Exercise directions —
Only the lines of the listing below that run from the line with "karst topography and" through the line with "TS保健体育～クラス全員女体化授業～/佐藤くん編まとめ - page7" are to be set down, word for word. Pictures stay out.

Provided records —
● ● ● ● ●

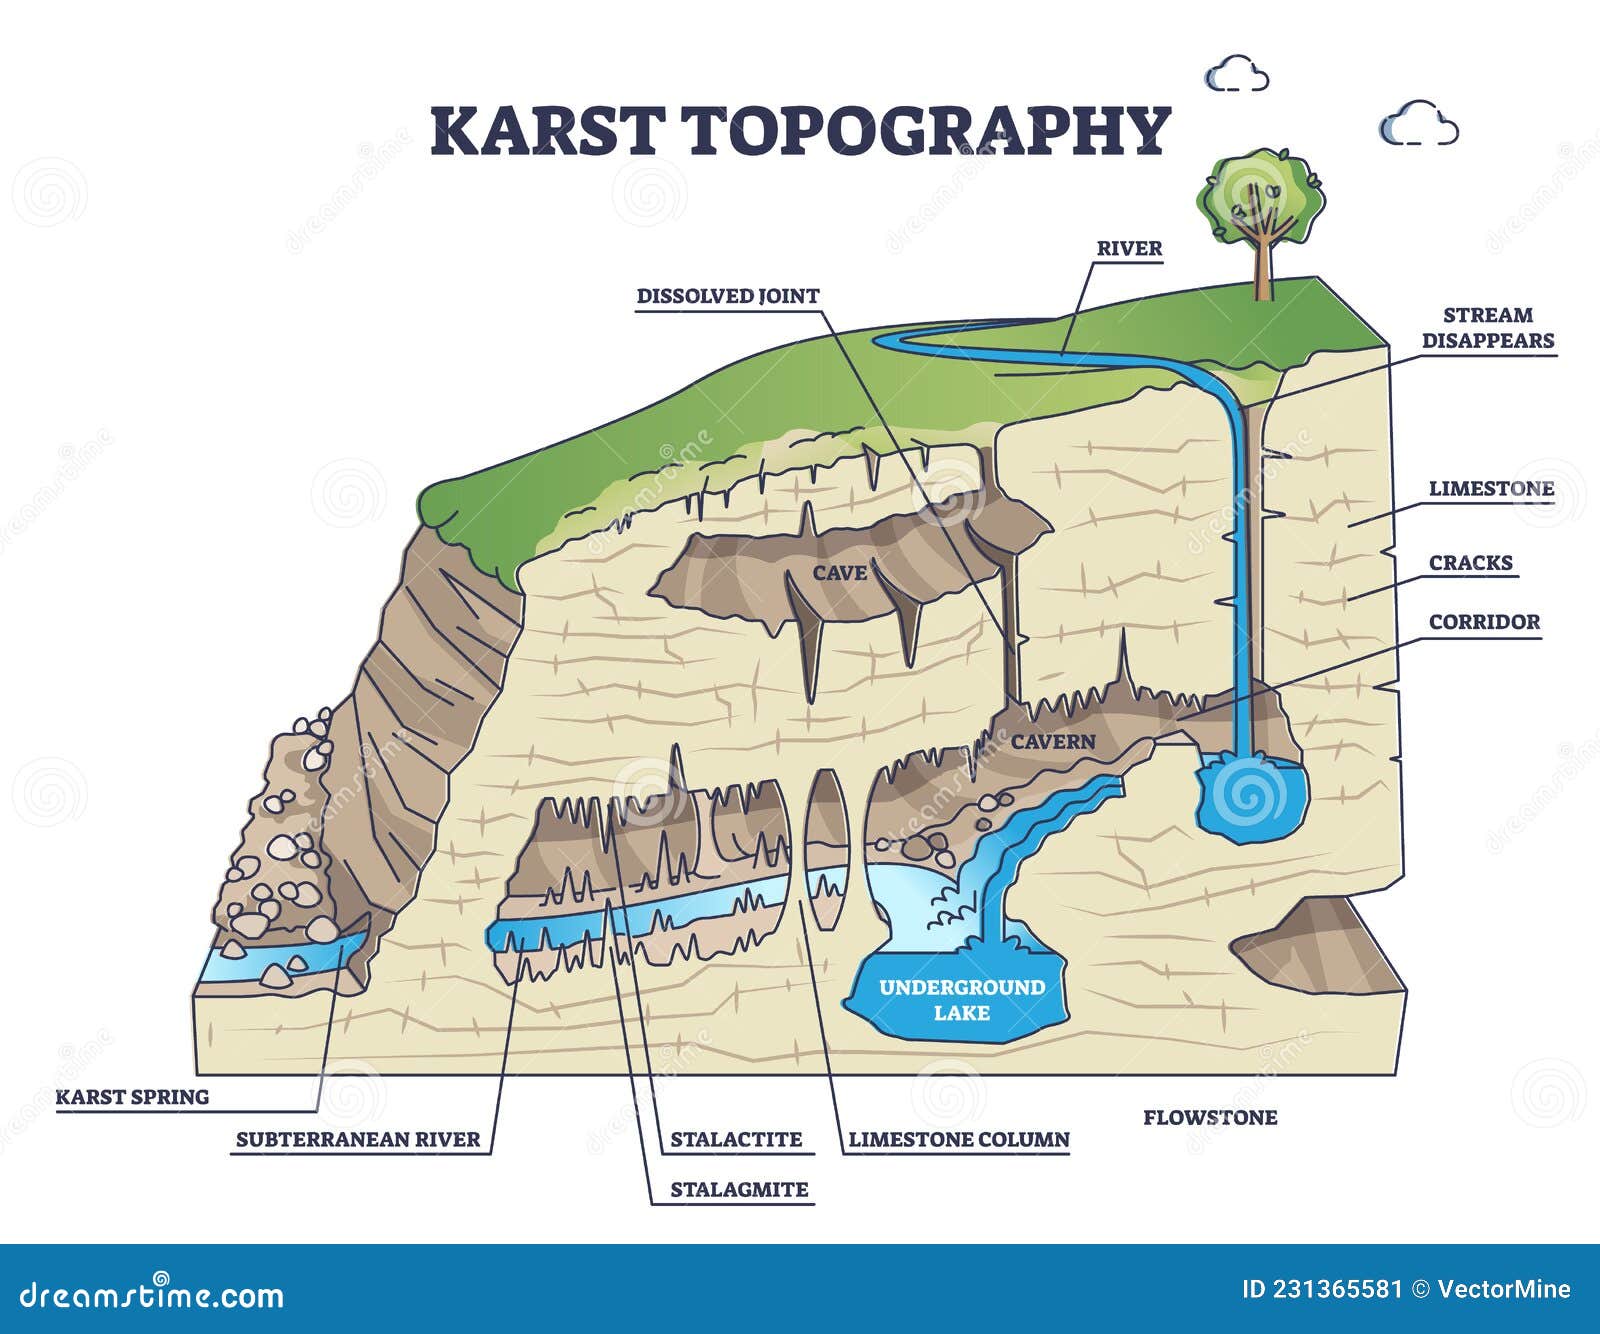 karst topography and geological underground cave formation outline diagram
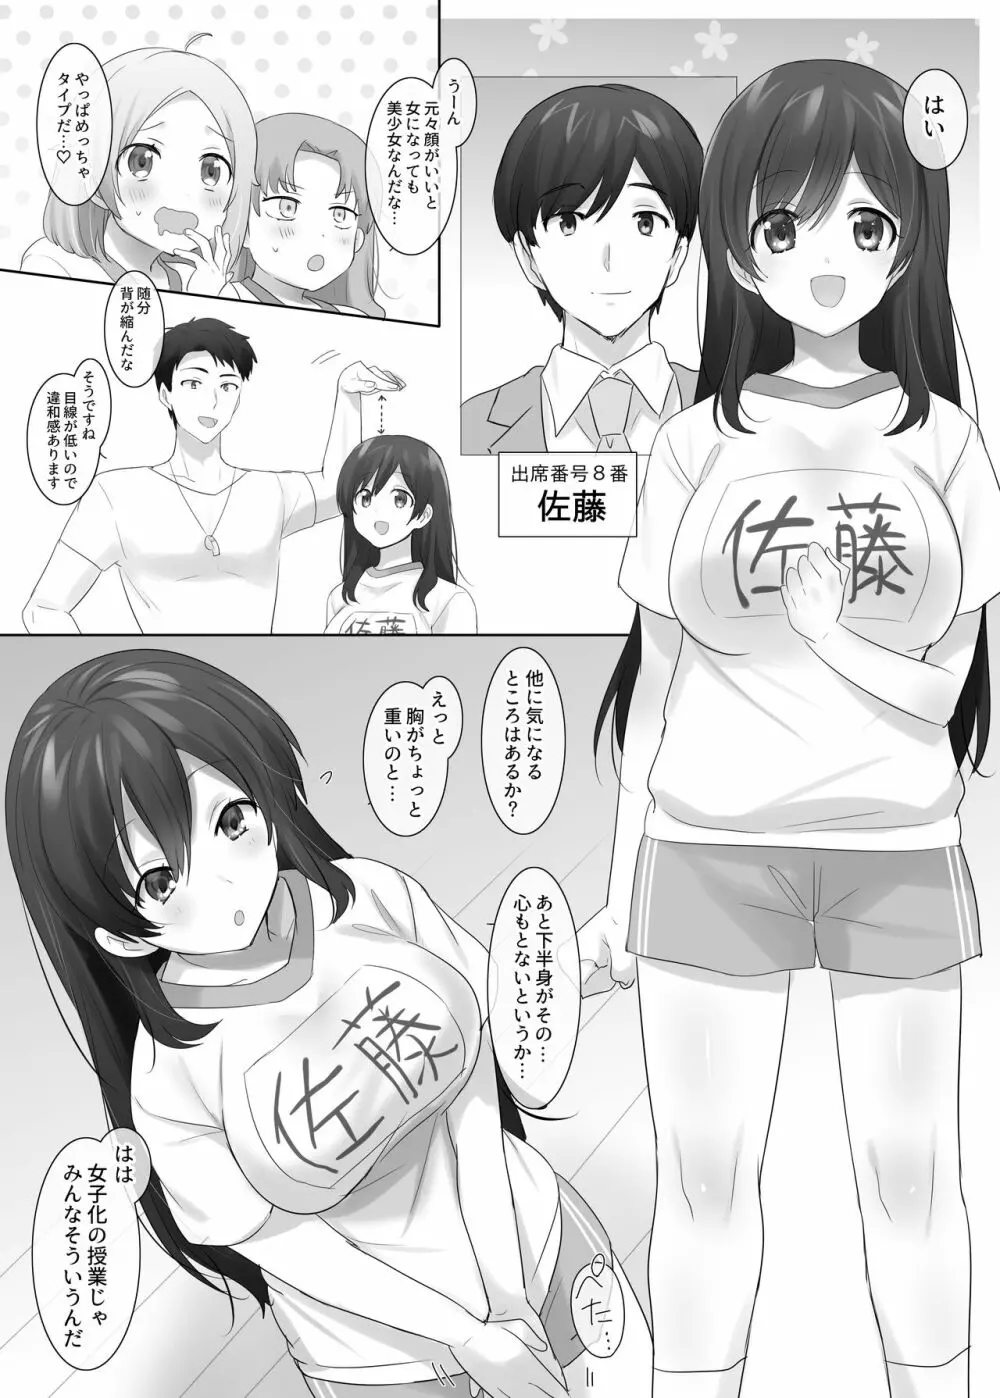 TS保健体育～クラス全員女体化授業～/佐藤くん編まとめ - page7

● ● ● ● ●

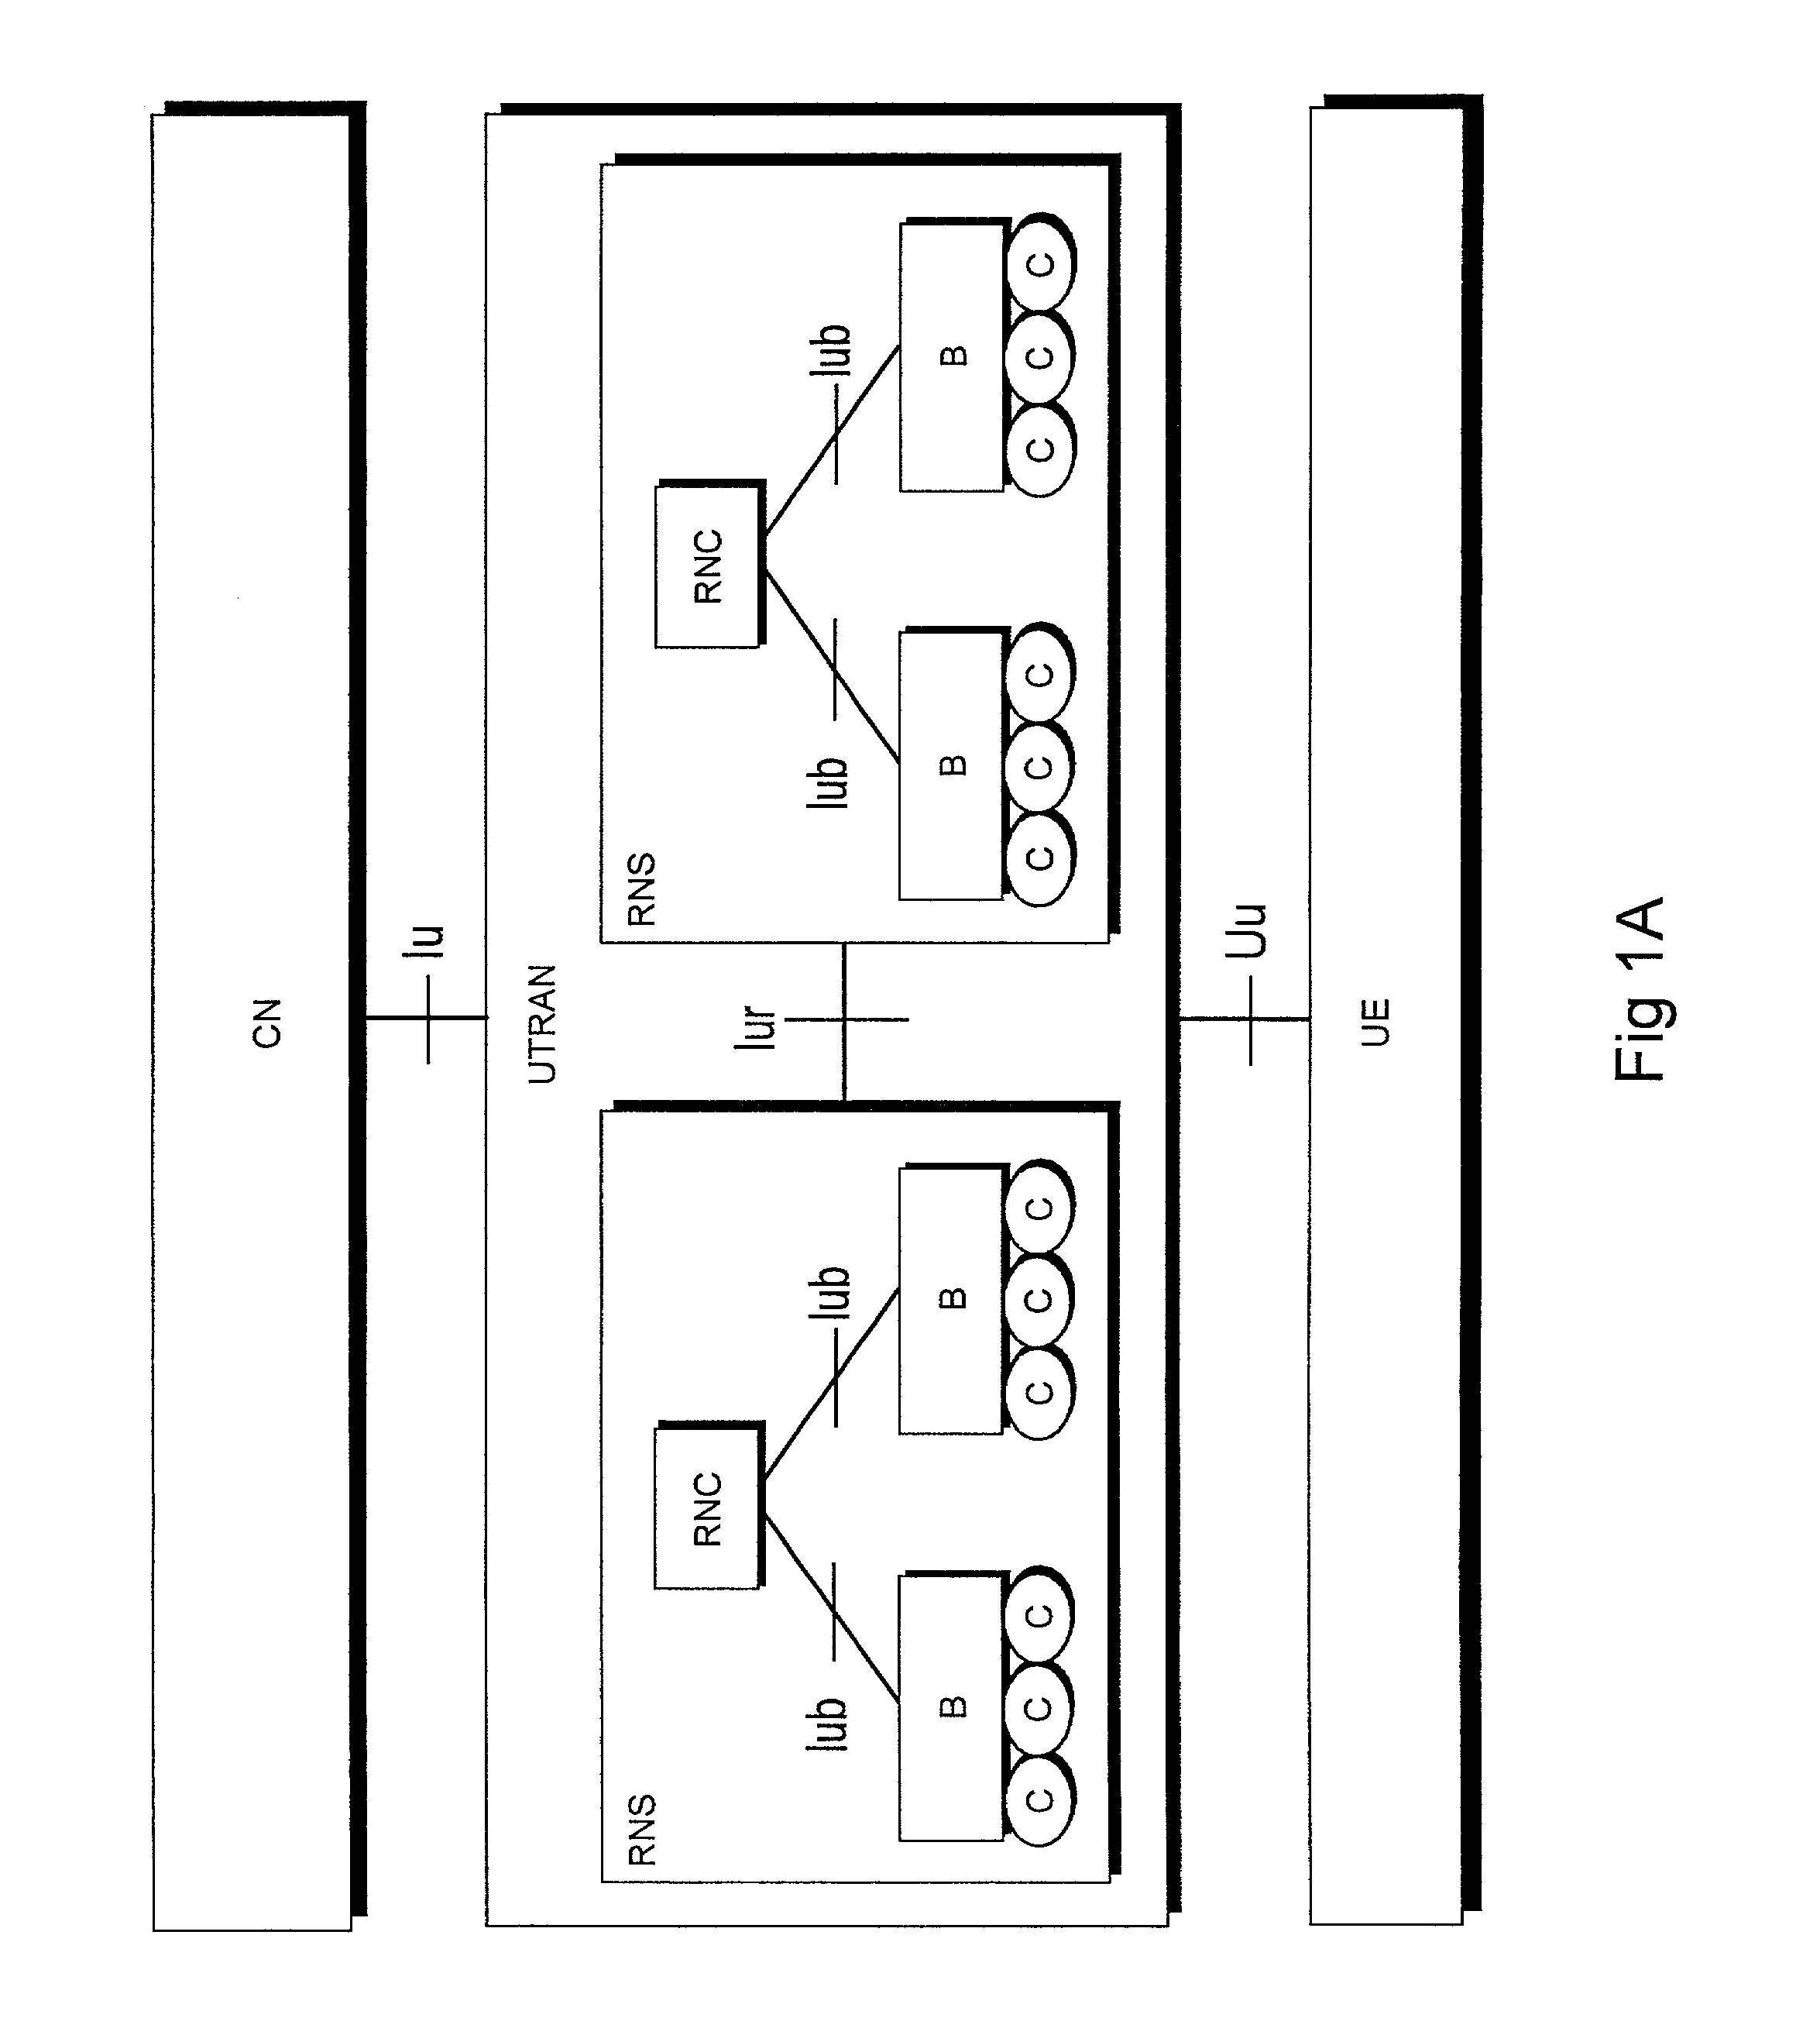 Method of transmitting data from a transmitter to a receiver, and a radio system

● ● ● ● ●

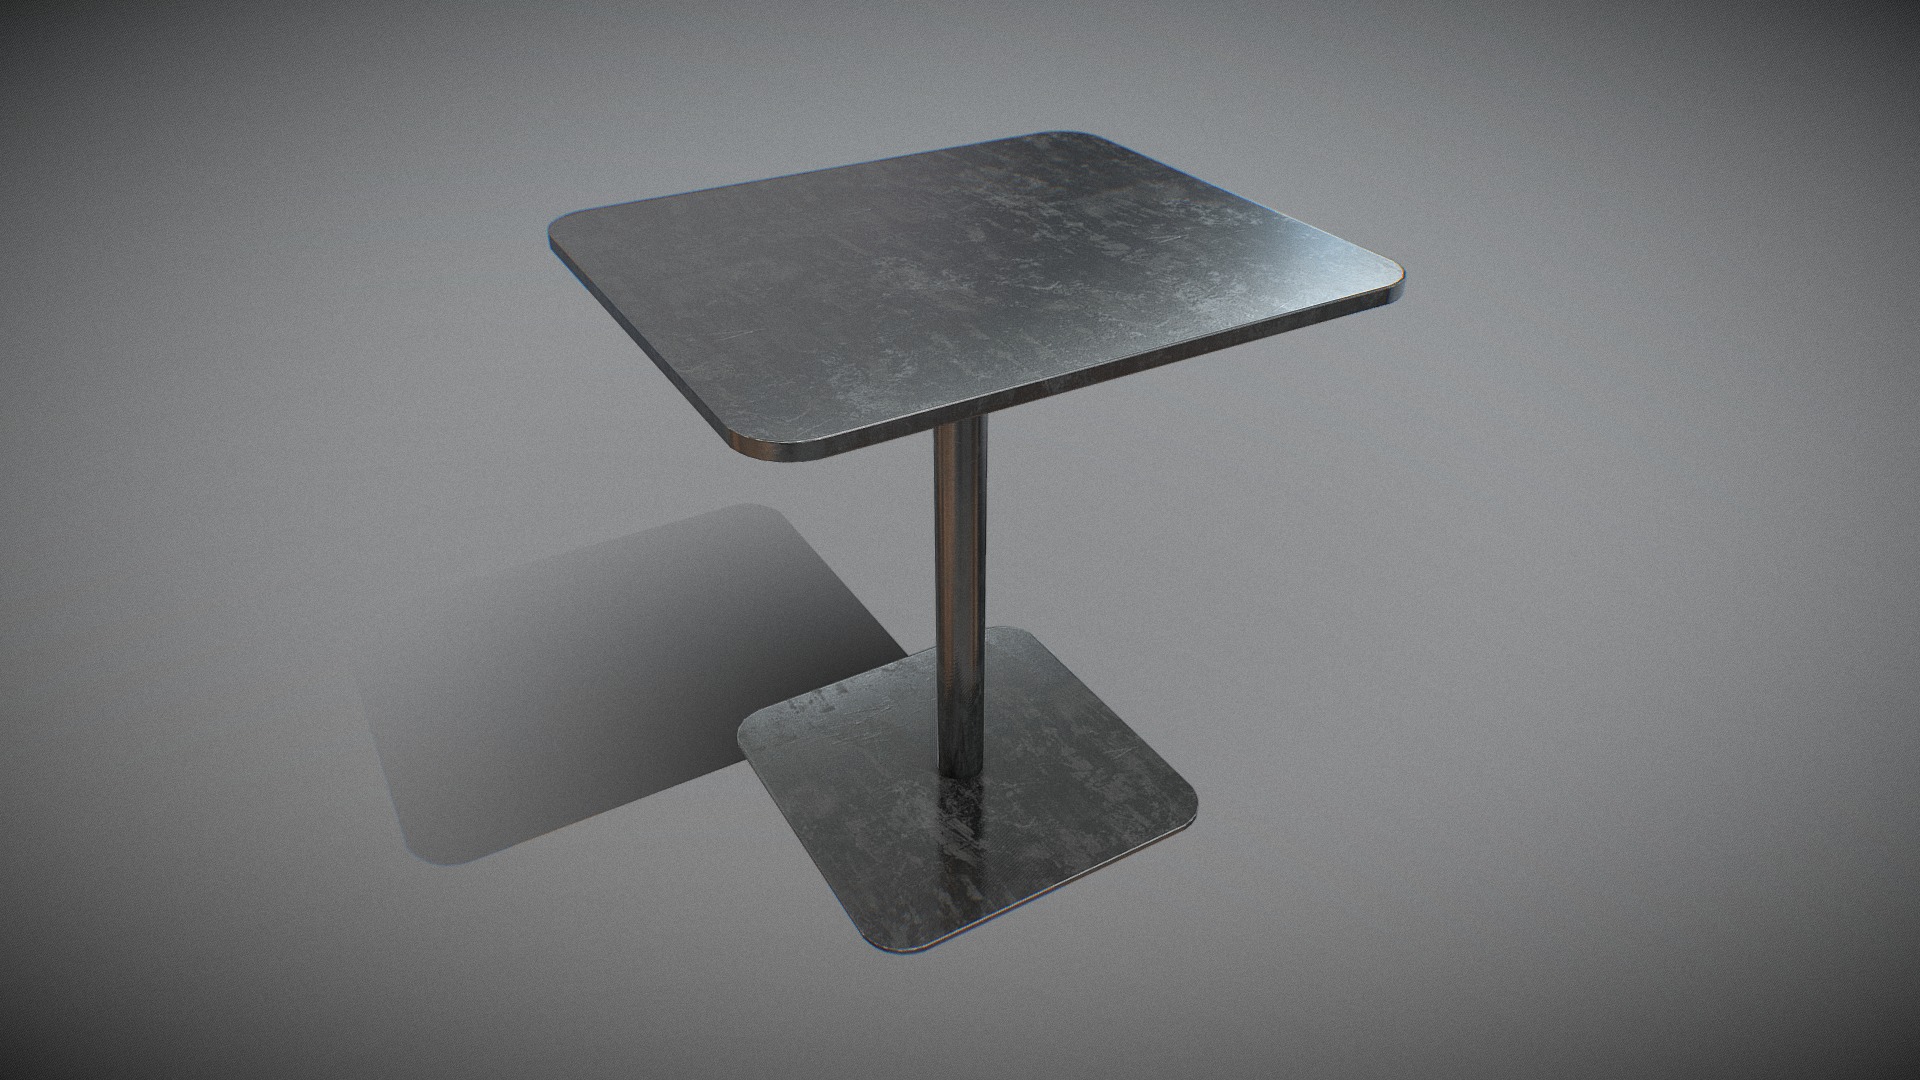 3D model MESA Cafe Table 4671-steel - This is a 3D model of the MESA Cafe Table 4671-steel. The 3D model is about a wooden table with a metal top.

● ● ● ● ●

Solution below —
 karst topography and geological underground cave formation outline diagram
 TS保健体育～クラス全員女体化授業～/佐藤くん編まとめ - page7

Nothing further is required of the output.